» **To do**: Print the listing below exactly, images excluded.

» **Material provided**:
* * *
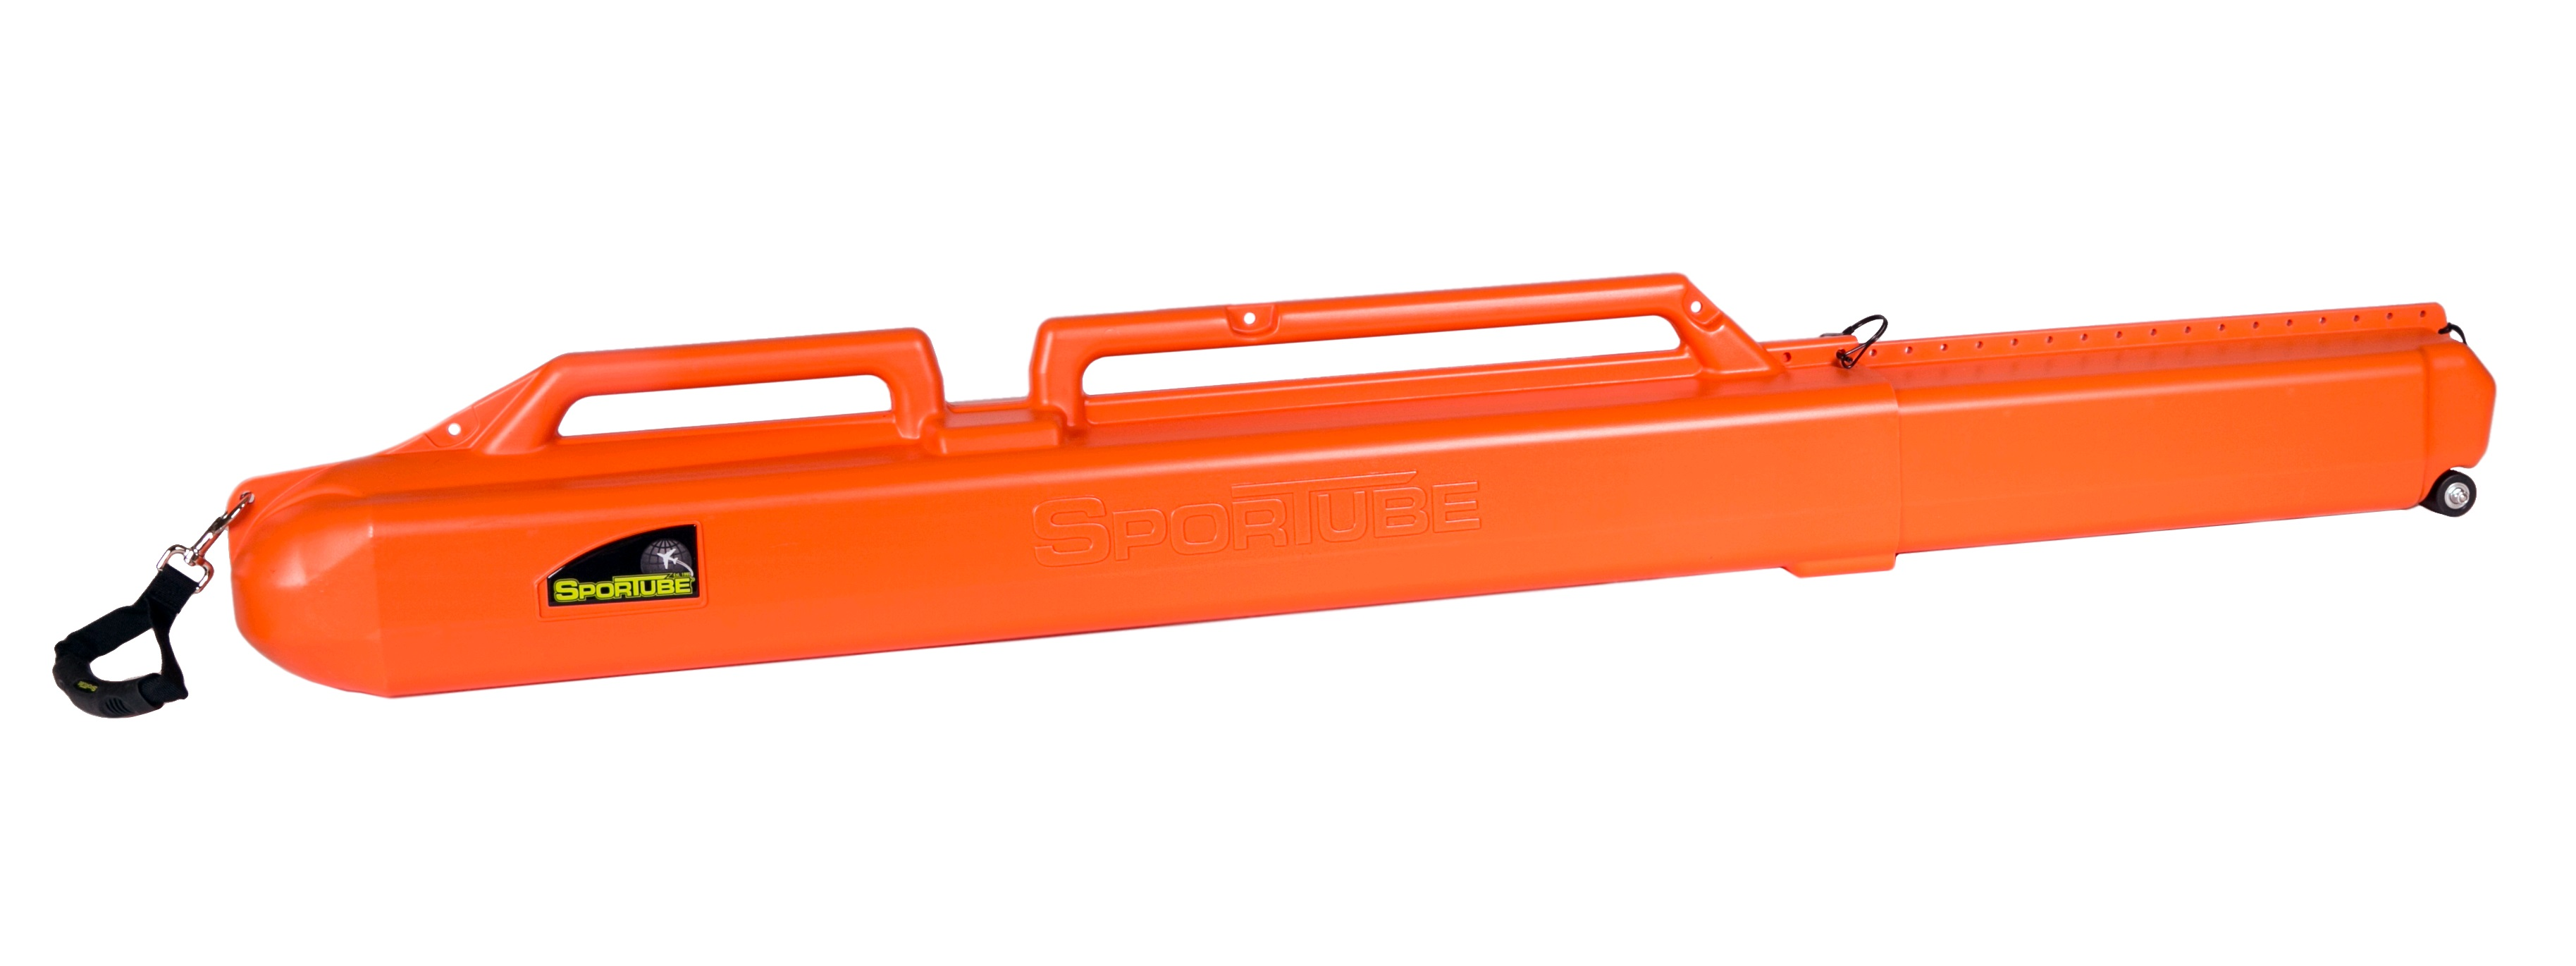 Sportube Blaze Orange Rod Tubes Glasgow Angling Centre
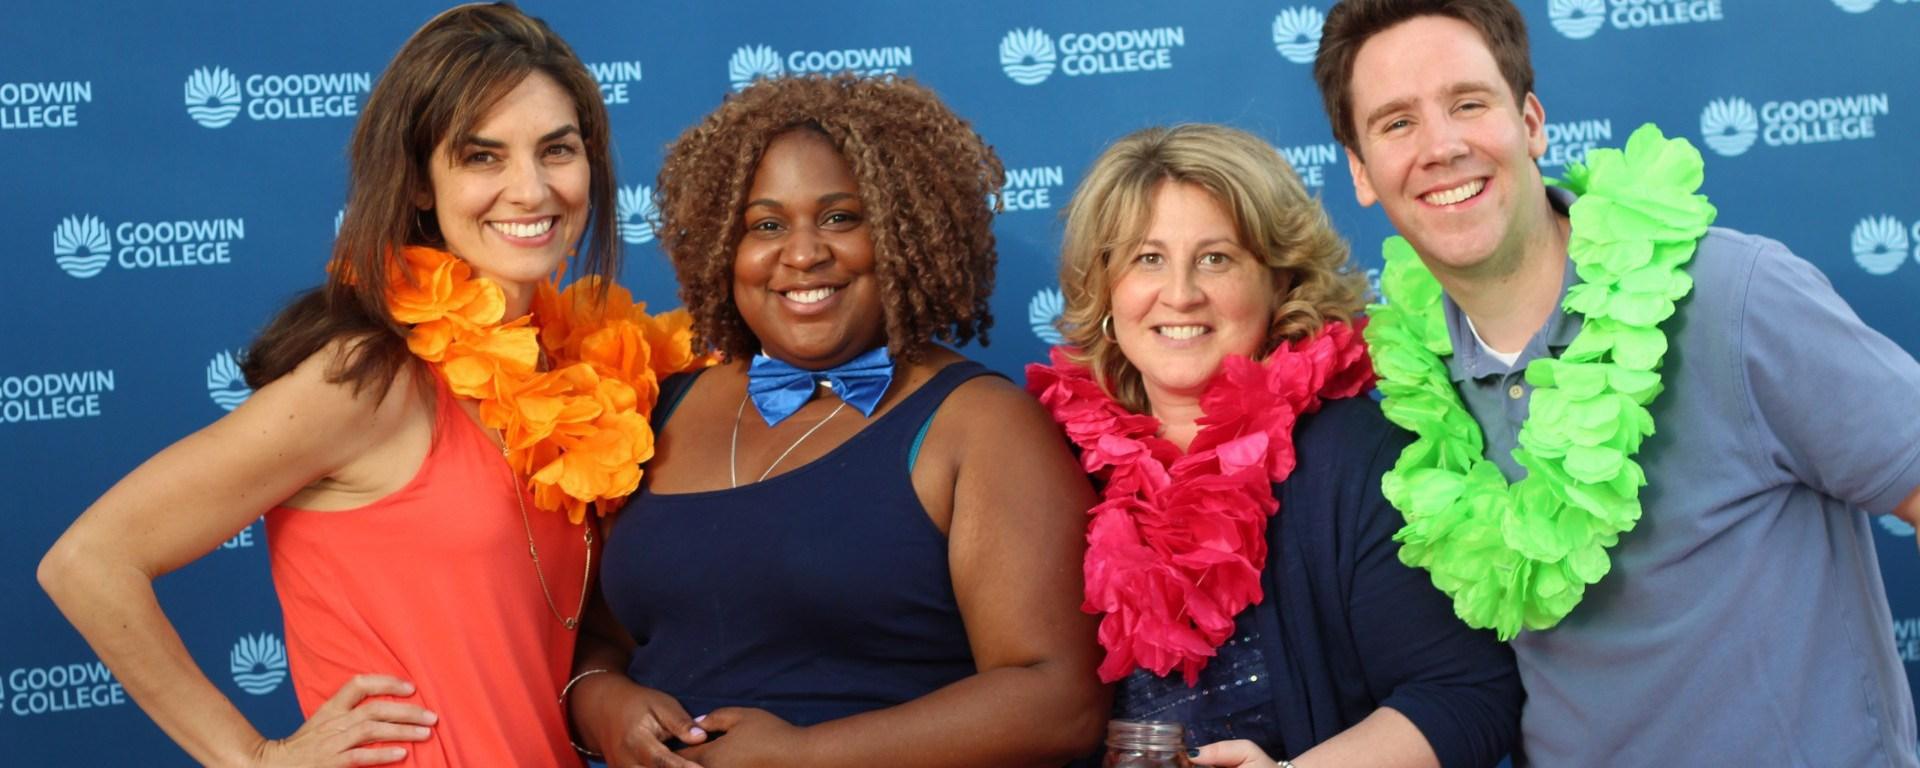 2015 Goodwin College Clambake
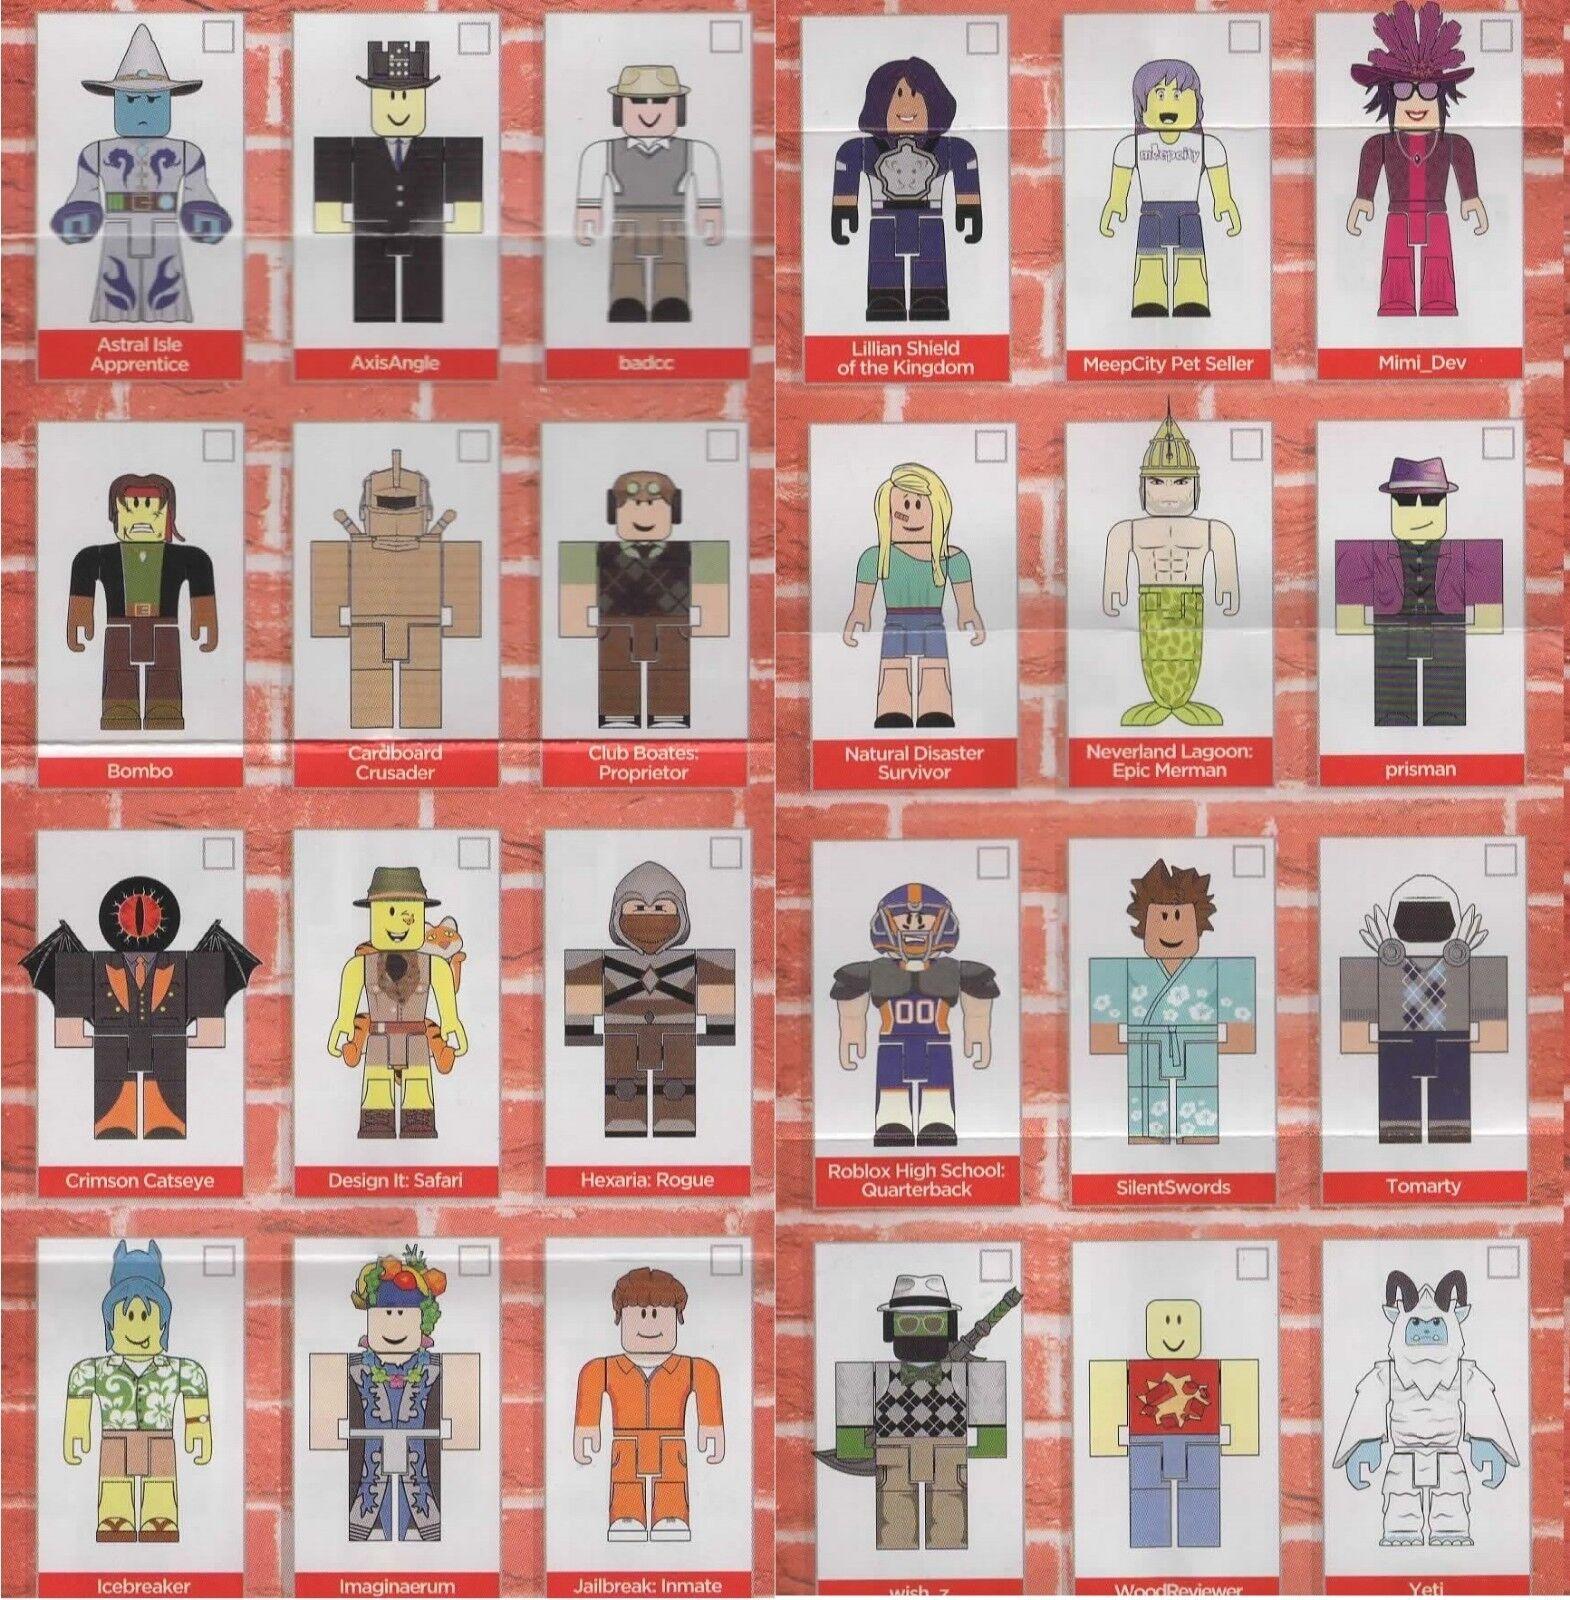 Roblox Series 4 - Roblox Red Brick Series 4 Action Figures Unused Codes
* * *
» **Written answer**:
 Sportube Blaze Orange Rod Tubes Glasgow Angling Centre
 2015 Goodwin College Clambake
 Roblox Series 4 - Roblox Red Brick Series 4 Action Figures Unused Codes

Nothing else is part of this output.